Id. at 347, 735 P.2d 79. The court adopted the reasoning of other state courts interpreting the UFCA as enhancing, rather than superseding, equitable remedies available to creditors. Id. at 346, 735 P.2d 79 (discussing Flowers & Sons Dev. Corp. v. Municipal Court, 86 Cal. App. 3d 818, 825, 150 Cal. Rptr. 555 (1978), and Damazo v. Wahby, 269 Md. 252, 256-57, 305 A.2d 138 (1973)).
¶ 14 After Deyong, the legislature adopted the UFTA, which does provide for an action against transferees to a fraudulent conveyance or transfer. RCW 19.40.081 reads in part:
(a) A transfer or obligation is not voidable under RCW 19.40.041(a)(1) against a person who took in good faith and for a reasonably equivalent value or against any subsequent transferee or obligee.
(b) Except as otherwise provided in this section, to the extent a transfer is voidable in an action by a creditor under RCW 19.40.071(a)(1), the creditor may recover judgment for the value of the asset transferred, as adjusted under subsection (c) of this section, or the amount necessary to satisfy the creditor's claim, whichever is less.
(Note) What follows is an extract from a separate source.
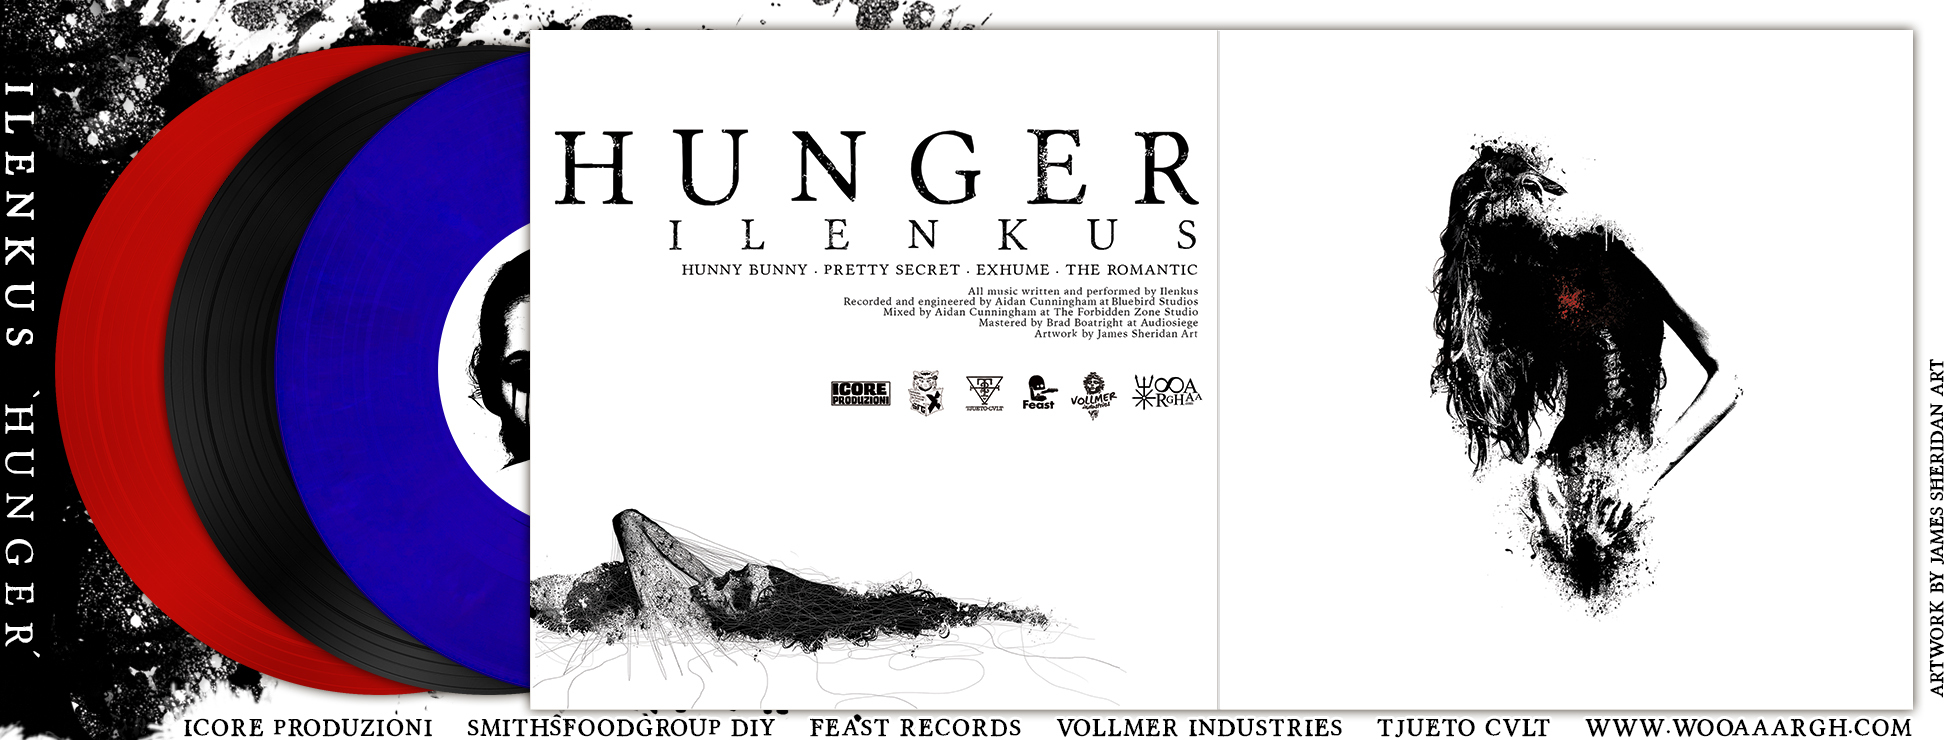 Ilenkus_banner
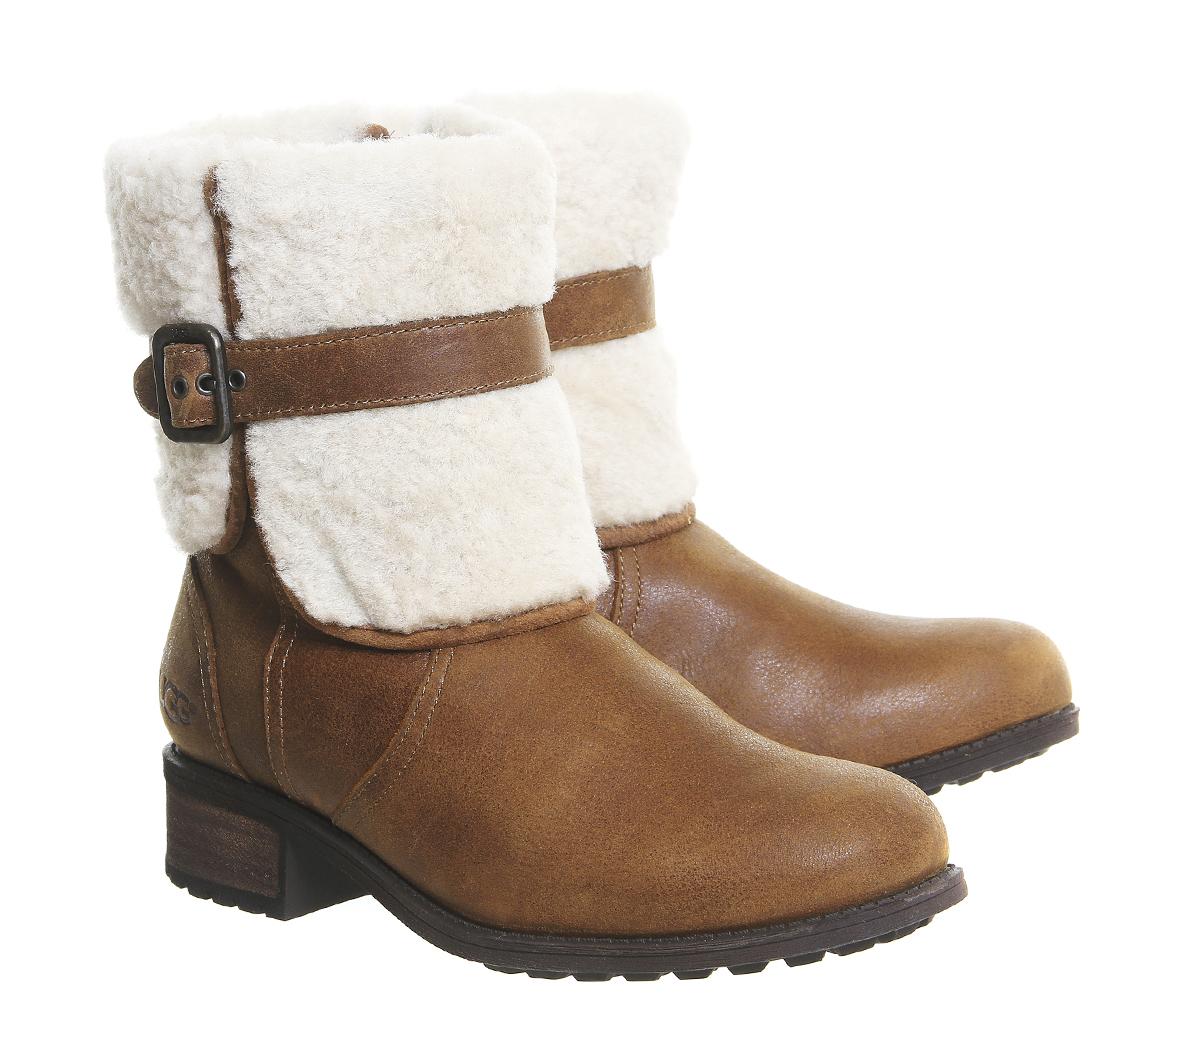 blayre ugg boots uk

The judgment may be entered against:
(1) The first transferee of the asset or the person for whose benefit the transfer was made; or
(2) Any subsequent transferee other than a good-faith transferee or obligee who took for value or from any subsequent transferee or obligee.
(c) If the judgment under subsection (b) of this section is based upon the value of the asset transferred, the judgment must be for an amount equal to the value of the asset at the time of the transfer, subject to adjustment as the equities may require.
(d) Notwithstanding voidability of a transfer or an obligation under this chapter, a good-faith transferee or obligee is entitled, to the extent of the value given the debtor for the transfer or obligation, to:
(1) A lien on or a right to retain any interest in the asset transferred;
(2) Enforcement of any obligation incurred; or
(3) A reduction in the amount of the liability on the judgment.
The remedial provisions are not silent regarding mental state, as the language regarding good faith in RCW 19.40.081(a) is paired with the value given for any transfer. As RCW 19.40.041(a) indicates, transfers may be fraudulent because of a transferor's intent to delay or hinder or because of lack of reasonably equivalent value received for the transfer. RCW 19.40.041(a)(1), (2). Once the threshold fraudulence has been established, RCW 19.40.081(b)(1) allows for judgment against first transferees. Notably, no mental state language appears in that subsection.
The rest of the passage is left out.